The data has 200 numerical values of anonimyzed data which will be used to analyse the customer relations with the business.

## Project Planning
### Exploratory Data Analysis
### Data Visualization using Statistical methods
### Implementation of most suitable machine learning algorithm
### Predict and display future comsumer transactions

In [1]:
#IMPORTING NECESSARY PACKAGES
import pandas as pd
import numpy as np
import matplotlib.pyplot as plt
import math
import seaborn as sns
import warnings
from scipy.stats.stats import pearsonr
import itertools
from scipy import stats

In [2]:
# link to data set from Kaggle
#
# https://www.kaggle.com/c/santander-customer-transaction-prediction/data

data = pd.read_csv('train.csv')

In [3]:
data.head(5)

Unnamed: 0,ID_code,target,var_0,var_1,var_2,var_3,var_4,var_5,var_6,var_7,...,var_190,var_191,var_192,var_193,var_194,var_195,var_196,var_197,var_198,var_199
0,train_0,0,8.9255,-6.7863,11.9081,5.093,11.4607,-9.2834,5.1187,18.6266,...,4.4354,3.9642,3.1364,1.691,18.5227,-2.3978,7.8784,8.5635,12.7803,-1.0914
1,train_1,0,11.5006,-4.1473,13.8588,5.389,12.3622,7.0433,5.6208,16.5338,...,7.6421,7.7214,2.5837,10.9516,15.4305,2.0339,8.1267,8.7889,18.356,1.9518
2,train_2,0,8.6093,-2.7457,12.0805,7.8928,10.5825,-9.0837,6.9427,14.6155,...,2.9057,9.7905,1.6704,1.6858,21.6042,3.1417,-6.5213,8.2675,14.7222,0.3965
3,train_3,0,11.0604,-2.1518,8.9522,7.1957,12.5846,-1.8361,5.8428,14.925,...,4.4666,4.7433,0.7178,1.4214,23.0347,-1.2706,-2.9275,10.2922,17.9697,-8.9996
4,train_4,0,9.8369,-1.4834,12.8746,6.6375,12.2772,2.4486,5.9405,19.2514,...,-1.4905,9.5214,-0.1508,9.1942,13.2876,-1.5121,3.9267,9.5031,17.9974,-8.8104


In [None]:
# A DESCRIPTION OF THE DATA SET
data.describe()

In [None]:
#CALCULATE NUMBER OF MISSING VALUES IN TRAIN AND TEST DATAFRAMES
def check_null_values(df):
    flag=df.isna().sum().any()
    if flag==True:
        total = df.isnull().sum()
        percent = (df.isnull().sum())/(df.isnull().count()*100)
        output = pd.concat([total, percent], axis=1, keys=['Total', 'Percent'])
        data_type = []
        for col in df.columns:
            dtype = str(df[col].dtype)
            data_type.append(dtype)
        output['Types'] = data_type
        return(np.transpose(output))
    else:
        return(False)

In [None]:
check_null_values(data)

In [None]:
#DISTRIBUTION OF THE TARGET VALUE IN TRAIN DATASET
f,ax=plt.subplots(1,2,figsize=(18,8))
data['target'].value_counts().plot.pie(explode=[0,0.1],autopct='%1.1f%%',ax=ax[0],shadow=True)
ax[0].set_title('target')
ax[0].set_ylabel('')
sns.countplot('target',data=data,ax=ax[1])
ax[1].set_title('Target')
plt.show()
#SINCE THERE ARE 10.0% VALUES WITH 1, THE DATA IS UNBALANCED WRT TARGET VALUE

In [None]:
# DENSITY PLOTS OF EACH FEATURE WITH THE TARGET VALUES(0,1) i.e 
# How each feature infleunces the target being a 0 or a 1 using a density graph.
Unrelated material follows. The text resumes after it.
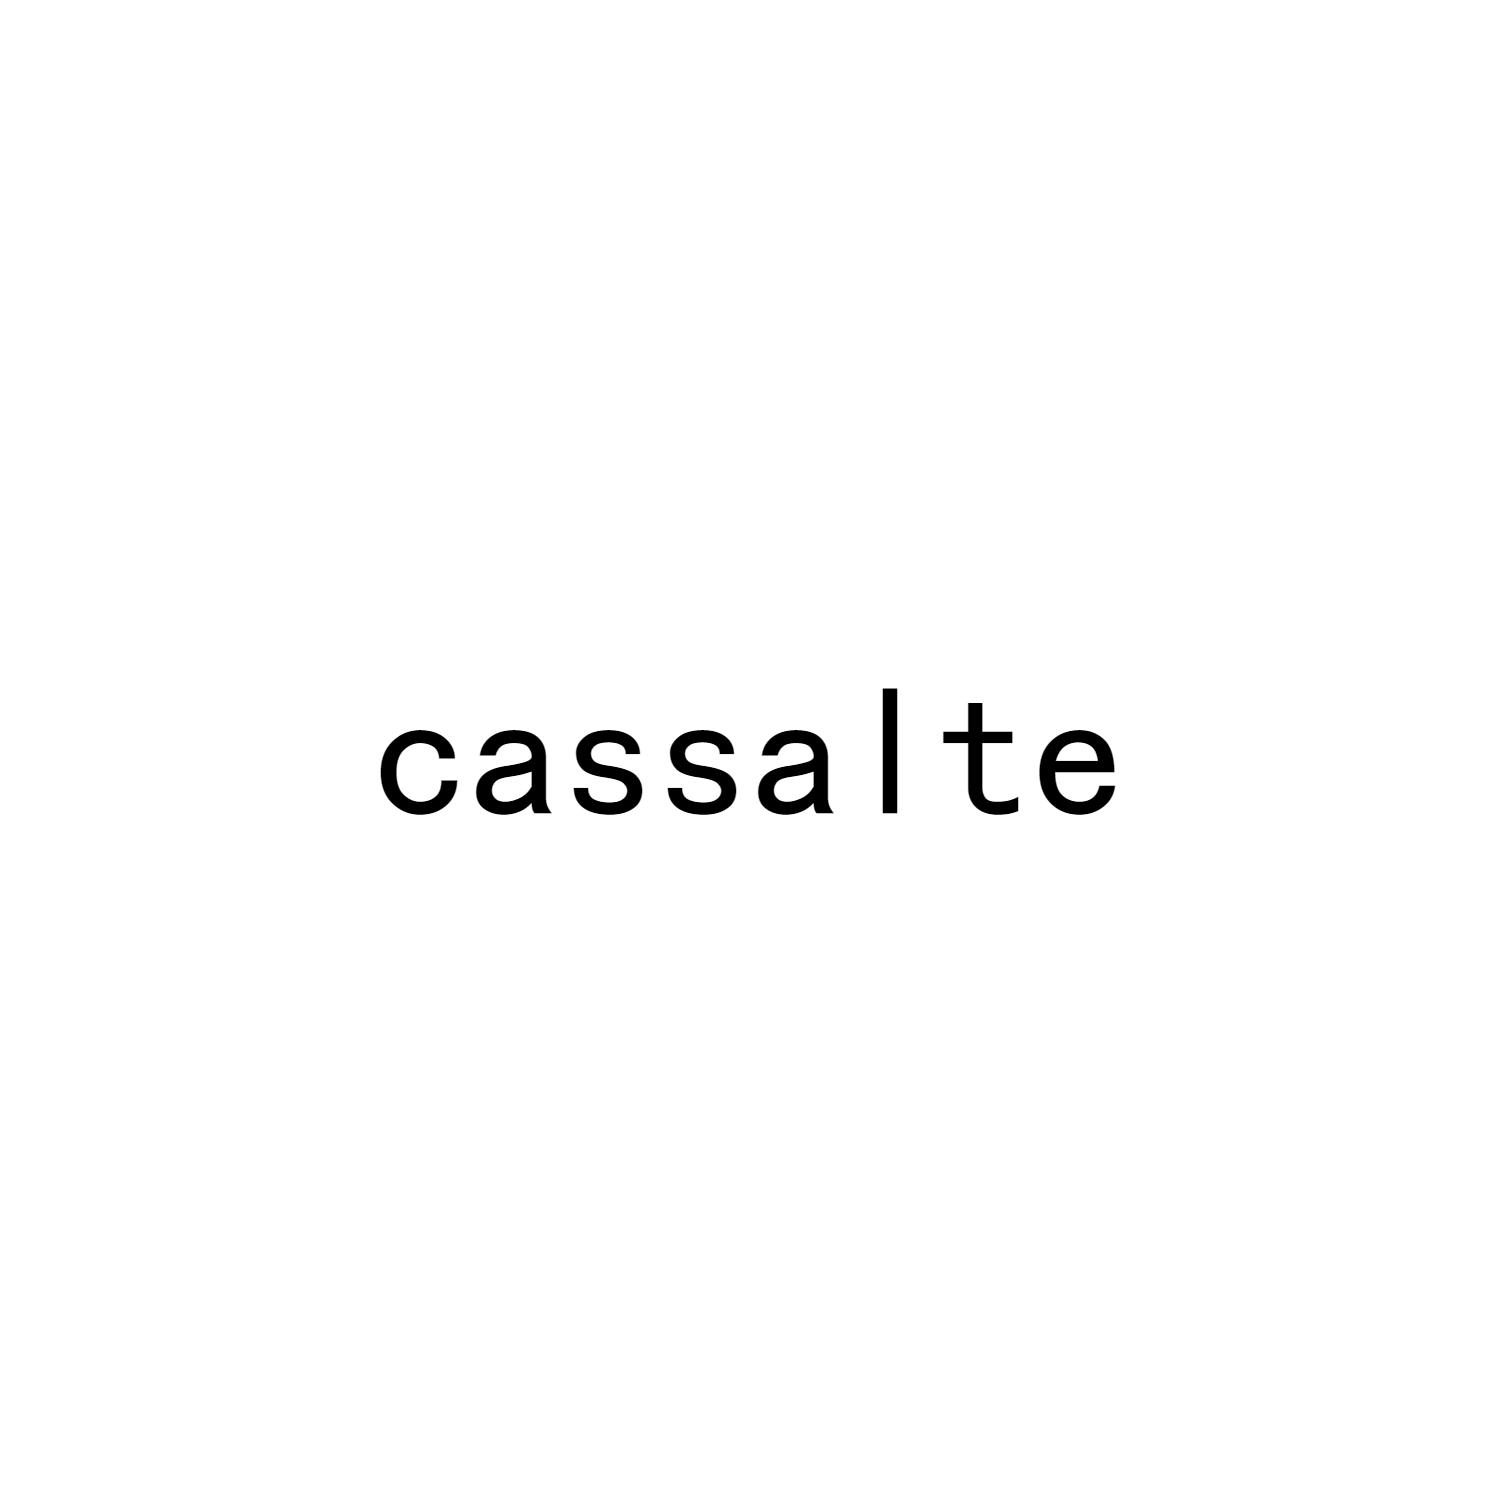 cassalte
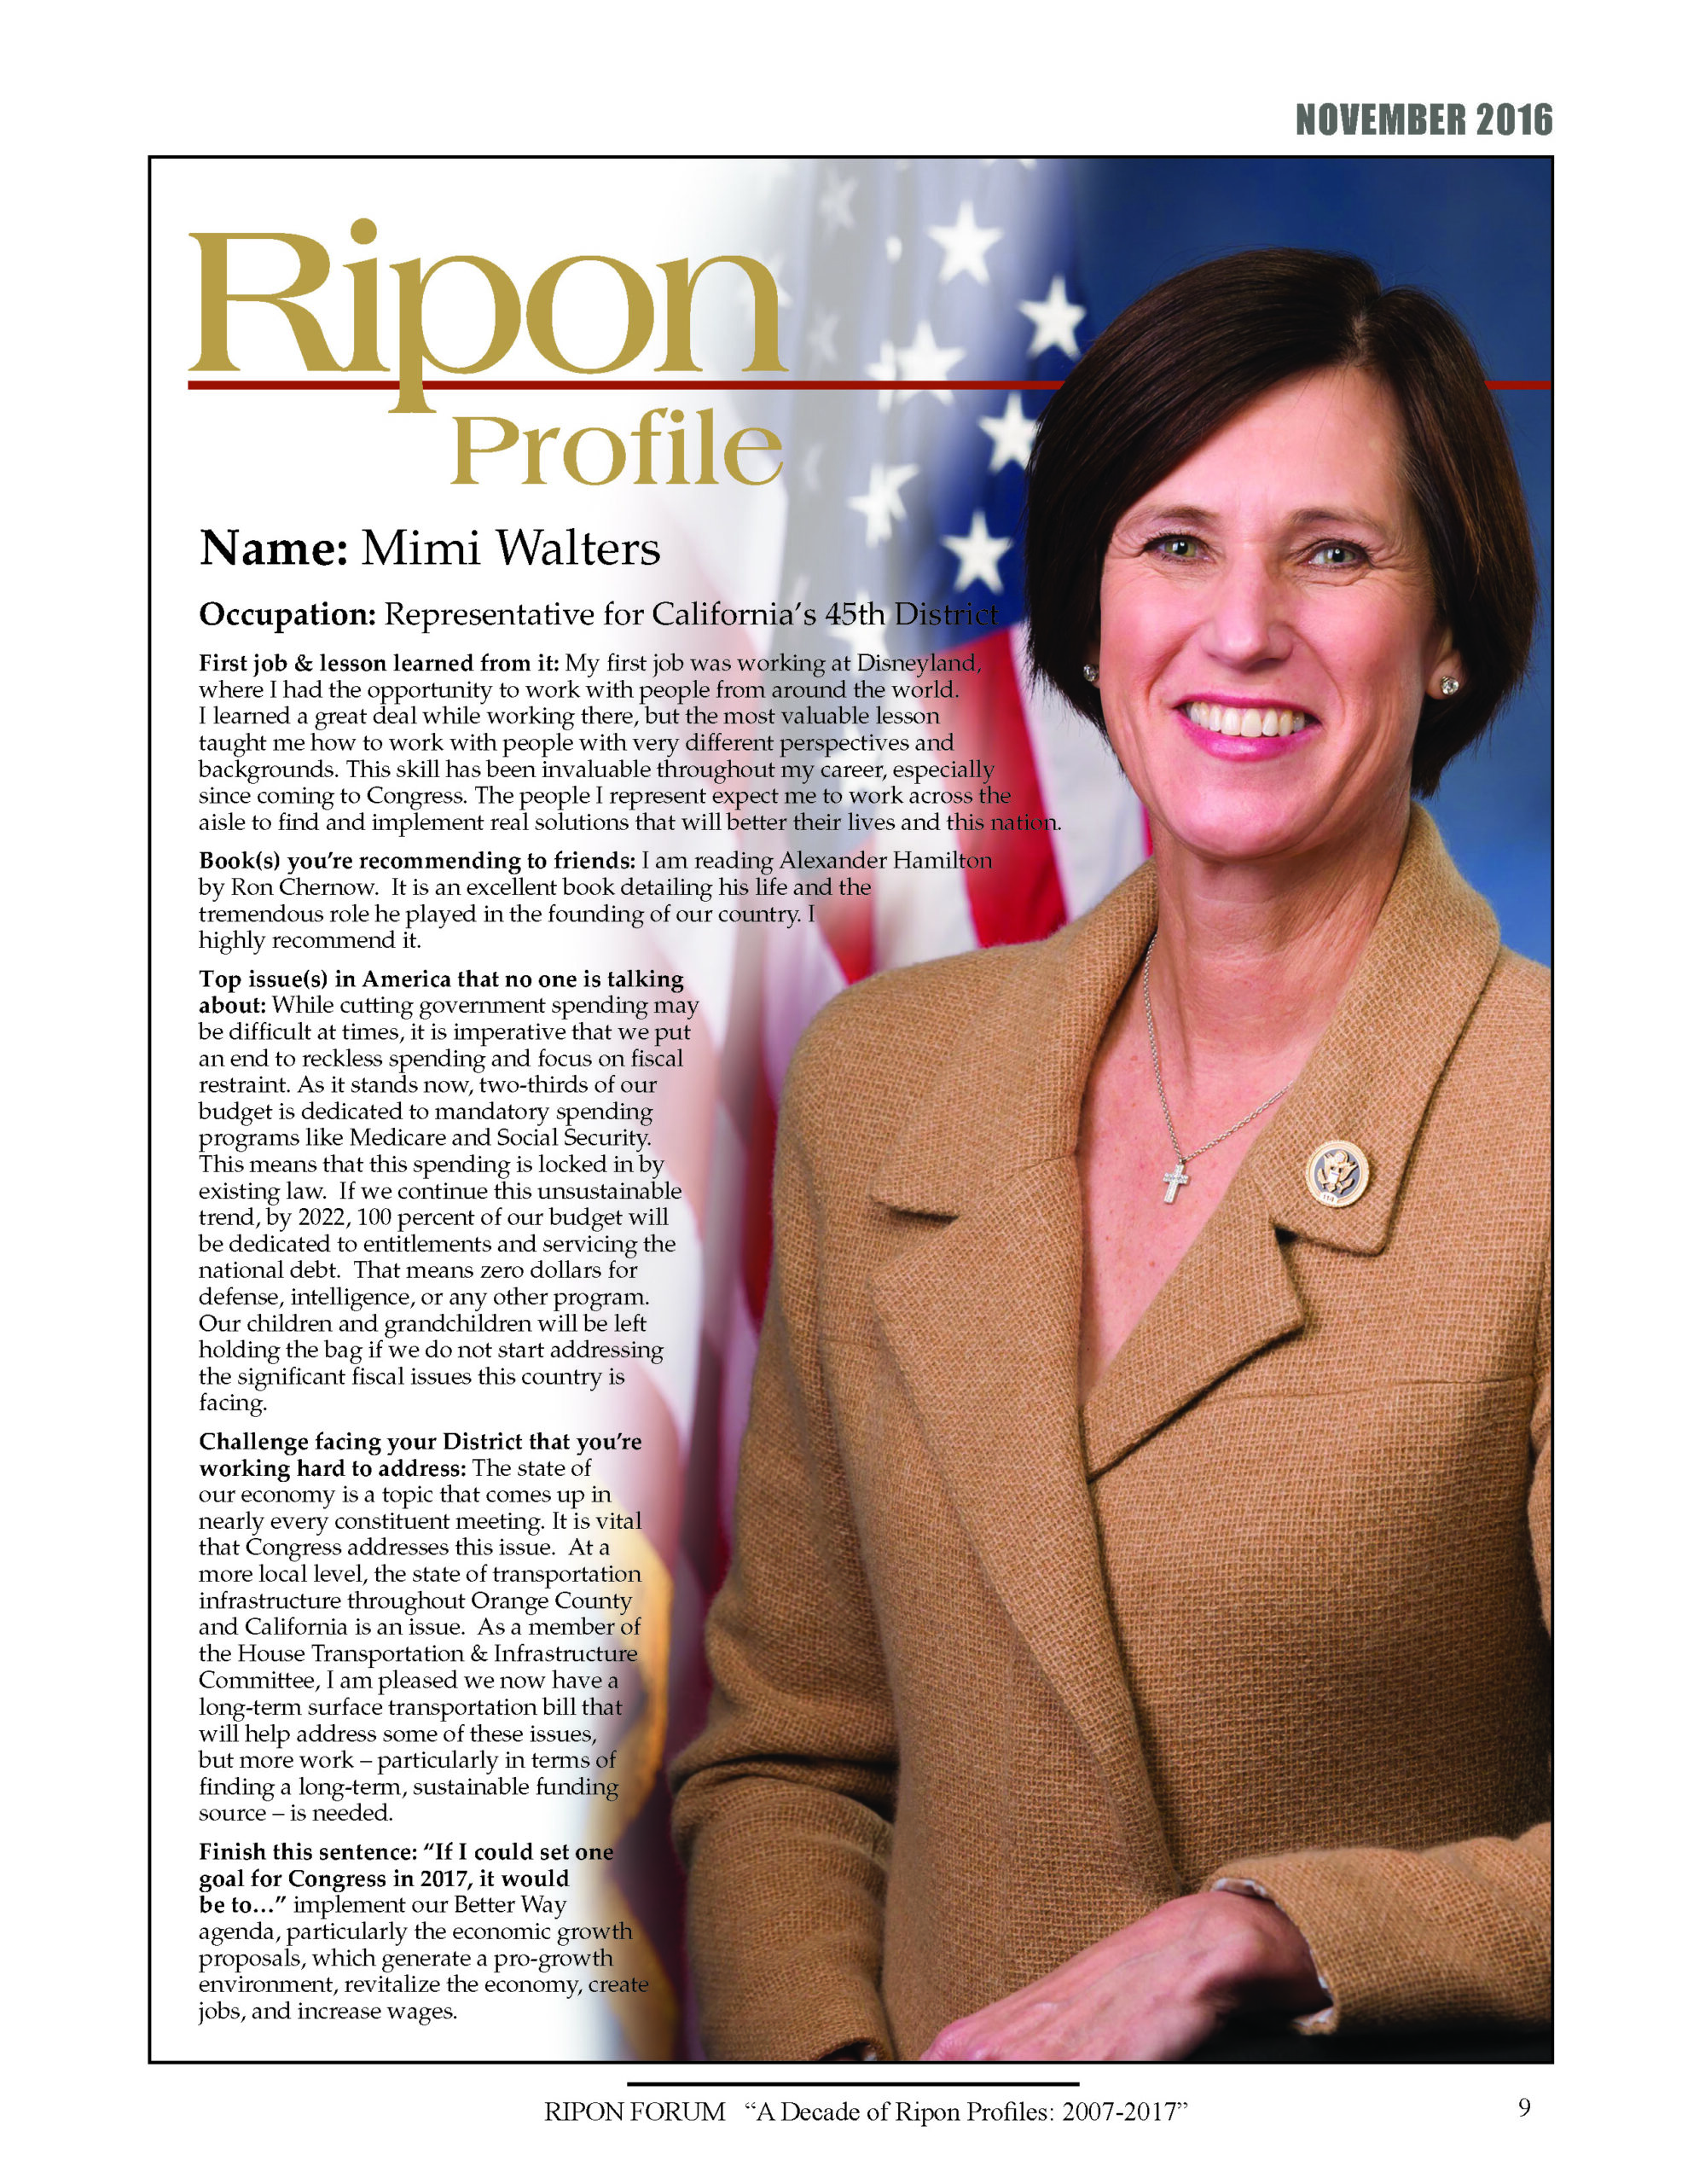 Ripon Profile of Mimi Walters

def plot_feature_distribution(df1, df2, label1, label2, features):
    i = 0
    sns.set_style('whitegrid')
    plt.figure()
    fig, ax = plt.subplots(10,10,figsize=(18,22))

    for feature in features:
        i += 1
        plt.subplot(10,10,i)
        sns.kdeplot(df1[feature], bw=0.5,label=label1)
        sns.kdeplot(df2[feature], bw=0.5,label=label2)
        plt.xlabel(feature, fontsize=9)
        locs, labels = plt.xticks()
        plt.tick_params(axis='x', which='major', labelsize=6, pad=-6)
        plt.tick_params(axis='y', which='major', labelsize=6)
    plt.tight_layout()
    plt.show();
    
t0 = data.loc[data['target'] == 0]
t1 = data.loc[data['target'] == 1]
features_1 = data.columns.values[2:102]
plot_feature_distribution(t0, t1, '0', '1', features_1)

In [None]:
#The last 100 features
features_2 = data.columns.values[102:202]
plot_feature_distribution(t0, t1, '0', '1', features_2)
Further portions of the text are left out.